Around the Oscar-Winning Actor Kevin Spacey and several ideas, Netflix had carefully constructed their own beautiful House of Cards on their streaming platform. Since its debut in 2013, House of Cards has been nothing but a success. The hit show ran for five seasons and was set to hit production again just before Anthony Rapp came forth about his sexual assault experience with Spacey when Rapp was 14.
Now, it’s 52 pick up – only a large portion of the playing cards are crinkled. With every new voice speaking up, another ace is ripped in half.
As Bryan Cranston has said, Kevin Spacey’s career is over, and may we the board say rightfully so. Sexual assault and abuse of power must not be tolerated by men or women in the workforce, no matter the industry.
Alongside of Netflix suspending production of House of Cards, if not cancelling the series completely, Spacey’s role in Ridley Scott’s next film ‘All the Money In The World’ releasing December 22 was replaced by an entirely different actor. Scott and the film’s producers did not care if the replacement shooting and editing would cost millions of dollars.
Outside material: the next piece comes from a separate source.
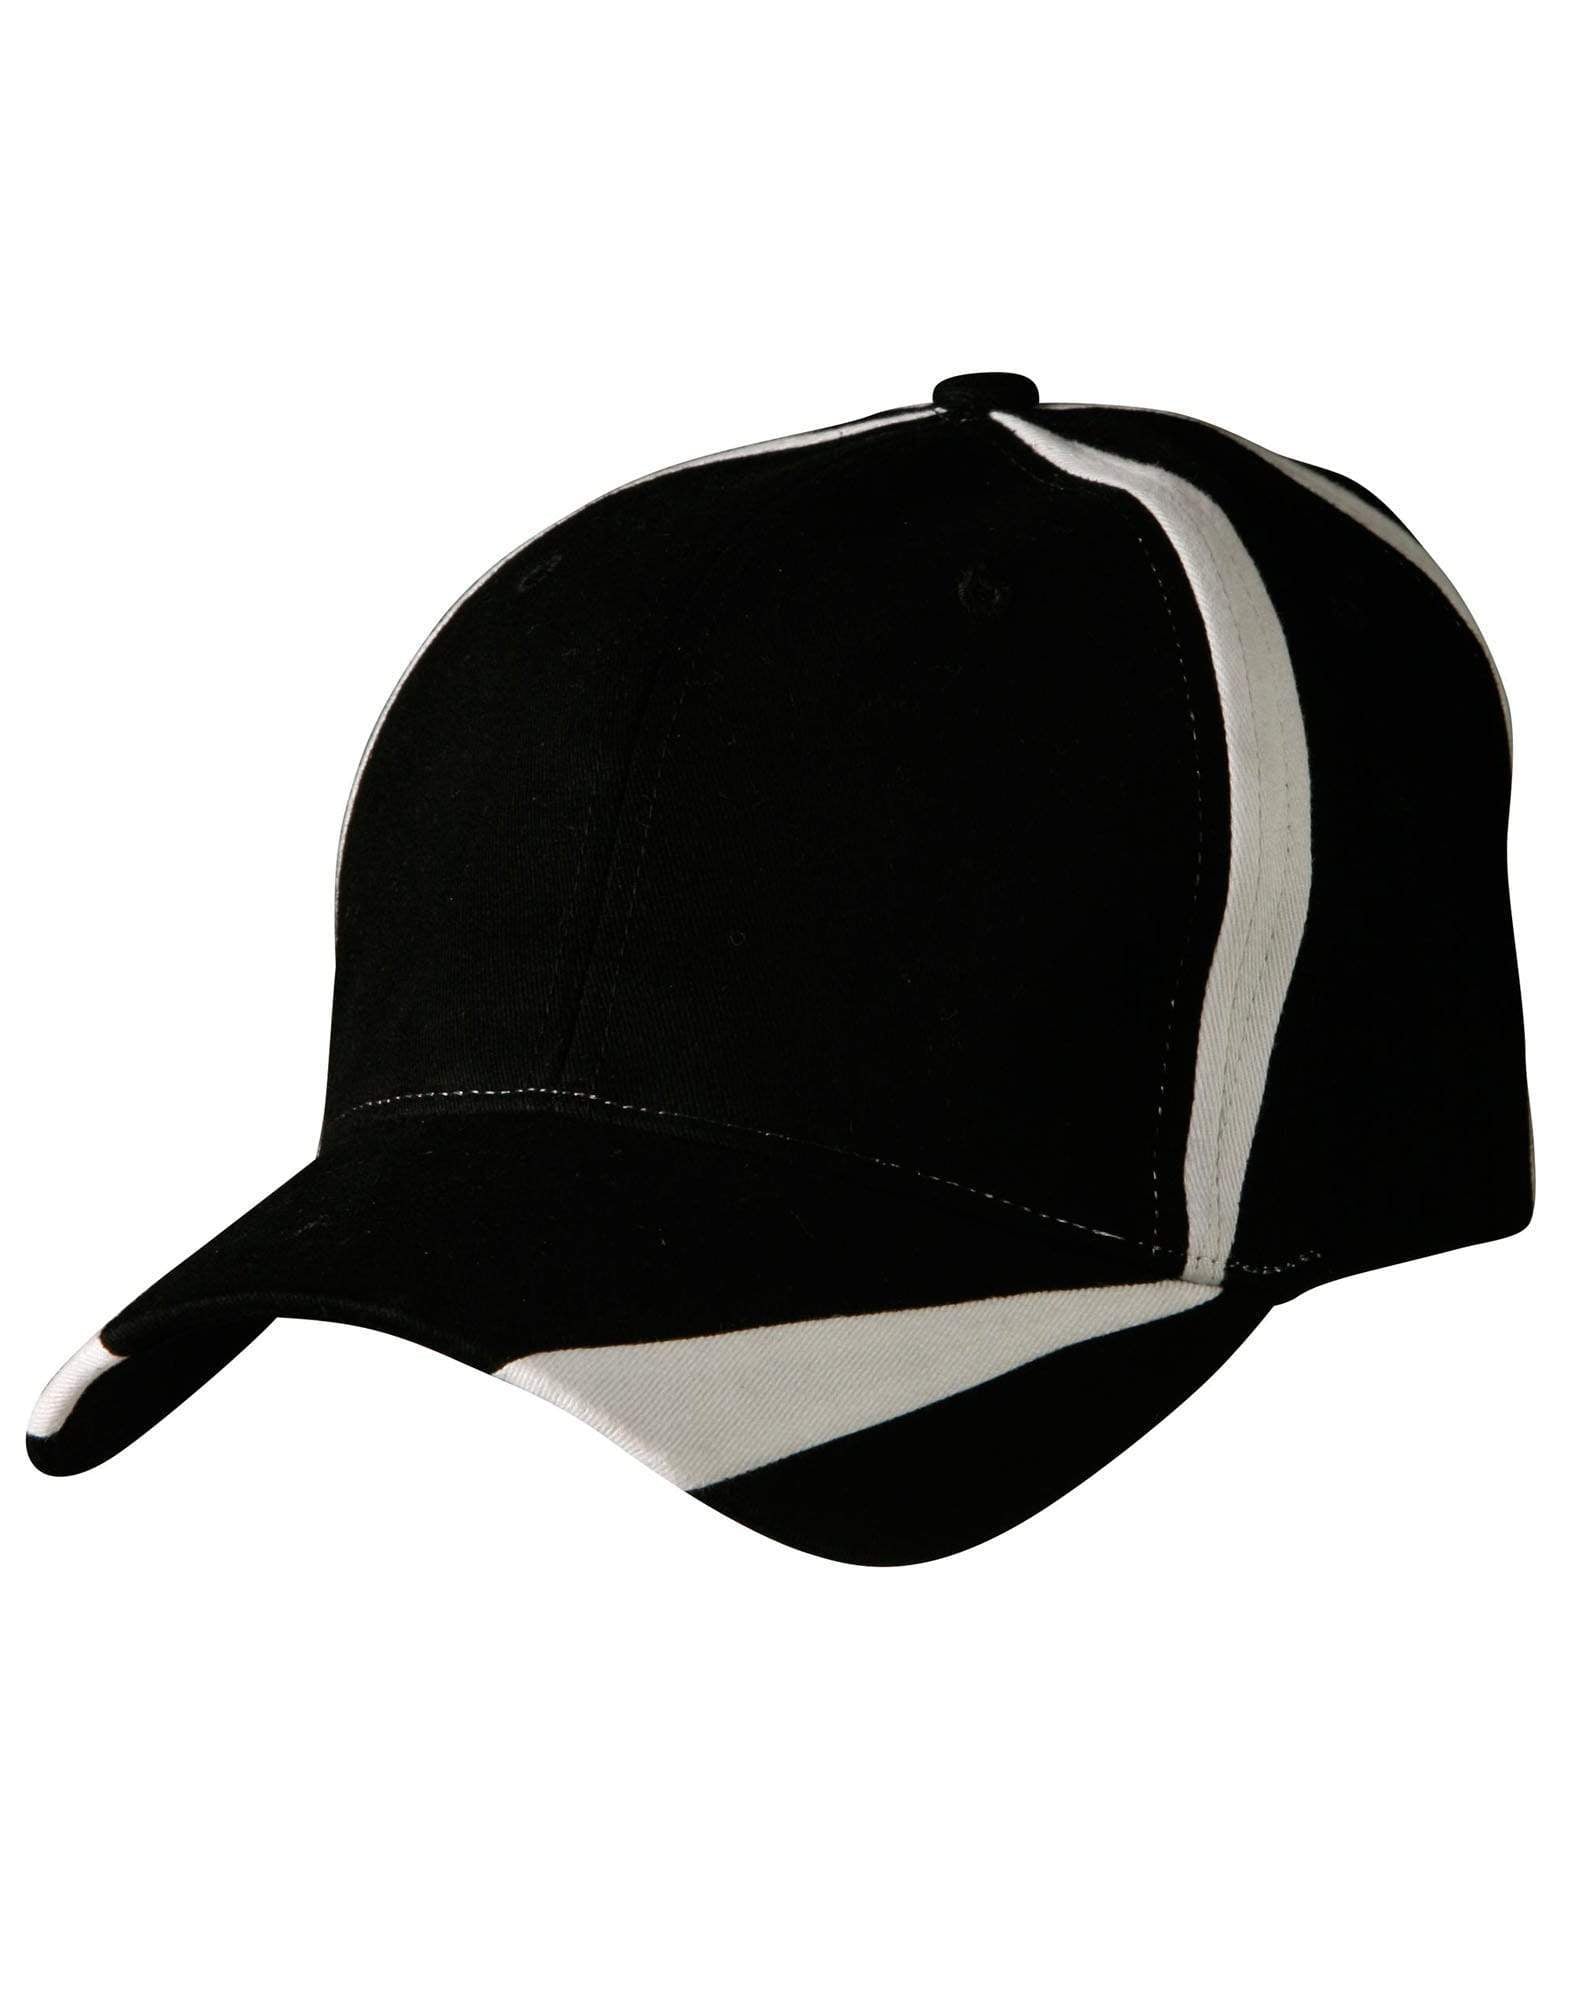 Winning Spirit Active Wear Black/White / One size Peak & Crown Contrast Cap Ch81
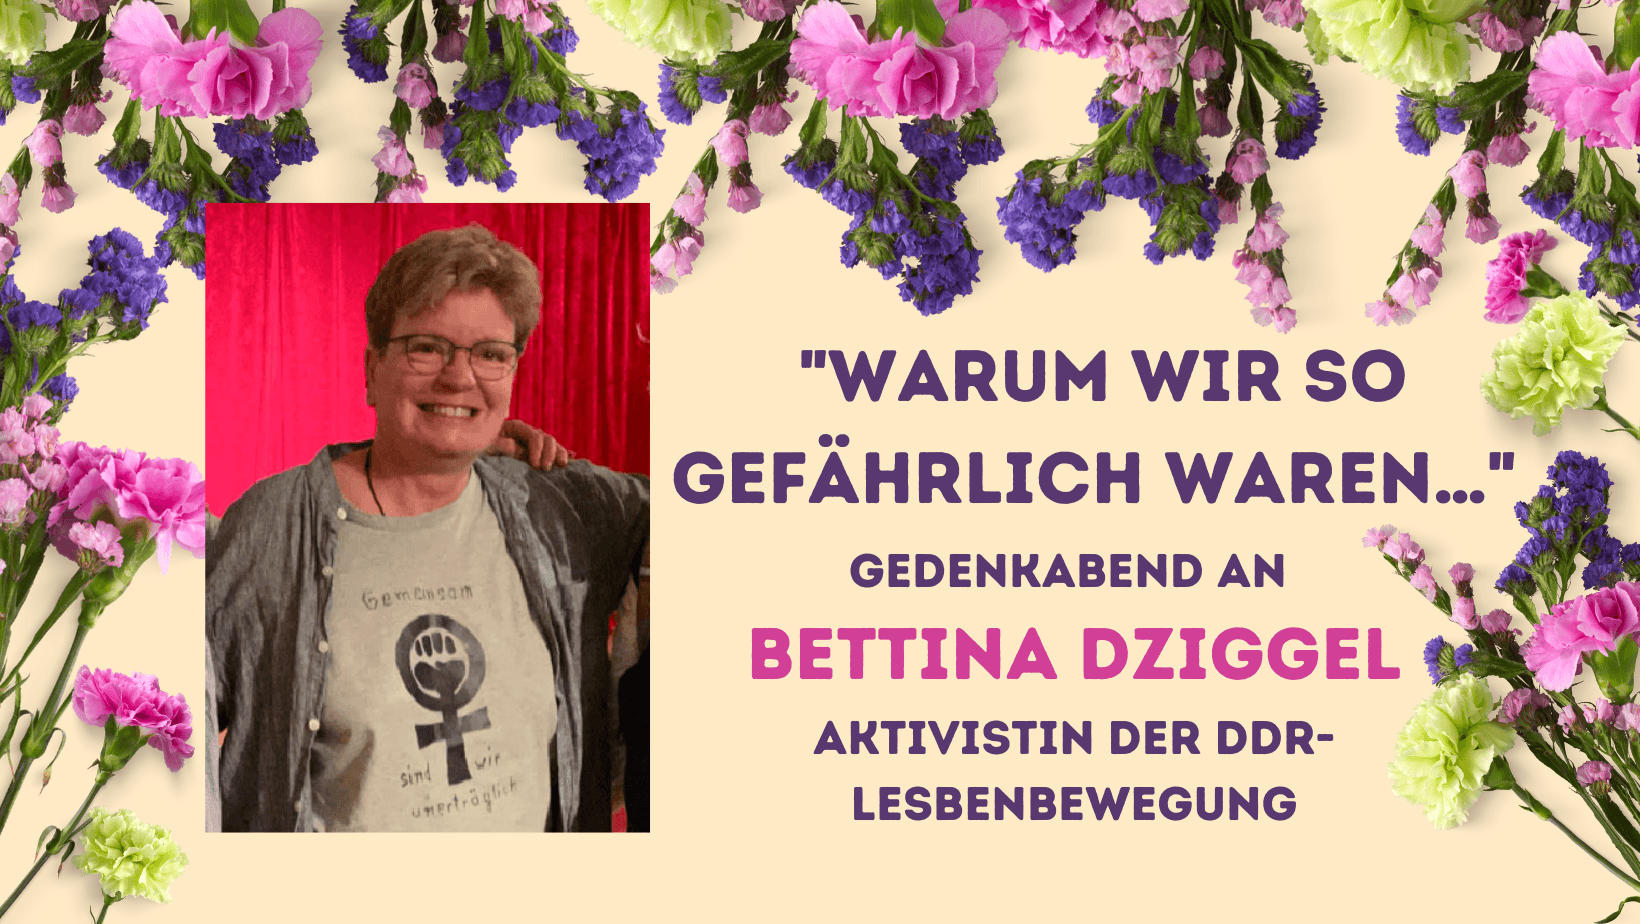 Gedenkabend an Bettina Dziggel - Aktivistin der DDR-Lesbenbewegung

Film festival organizers have even started pulling Spacey featured films from their lineups and replacing them with other films within days of shows.
That being said, we also believe that the show in its entirety does not have to stop with the fall of Kevin Spacey. One show’s decline will cost many more actors, producers, and crew members their jobs as well as it costs Spacey’s credibility.
House of Cards has far more to explore than Frank Underwood, especially since the latest season has his wife and vice president Claire Underwood taking over as the 47th president of the United States.
Spacey has since apologized for his past behavior online, specifically towards the allegations from Rapp, instead of denying any of the claims.
“I honestly do not remember the encounter, it would have been over 30 years ago. But if I did behave then as he describes, I owe him the sincerest apology for what would have been deeply inappropriate drunken behavior, and I am sorry for the feelings he describes having carried with him all these years,” Spacey had said on Twitter about Rapp’s allegations back in October.
A total of 15 men have since come forth behind Rapp with horror stories of their own.
However, alongside apologizing, Spacey also chose to use this message to hint on his long-term experience with his very private sexuality. He uses his sexuality as ammo good use of metaphor in his apology, almost like he attempted place his ever tumbling playing cards over the claims made against him in hopes it would save his career.
Hollywood is beginning to stand against abusers no matter their identity. What better way to send off a man abused of sexual crimes than raise his victims and costars well beyond him?
Madame President Claire Underwood will see you now and she doesn’t need any of Frank’s help.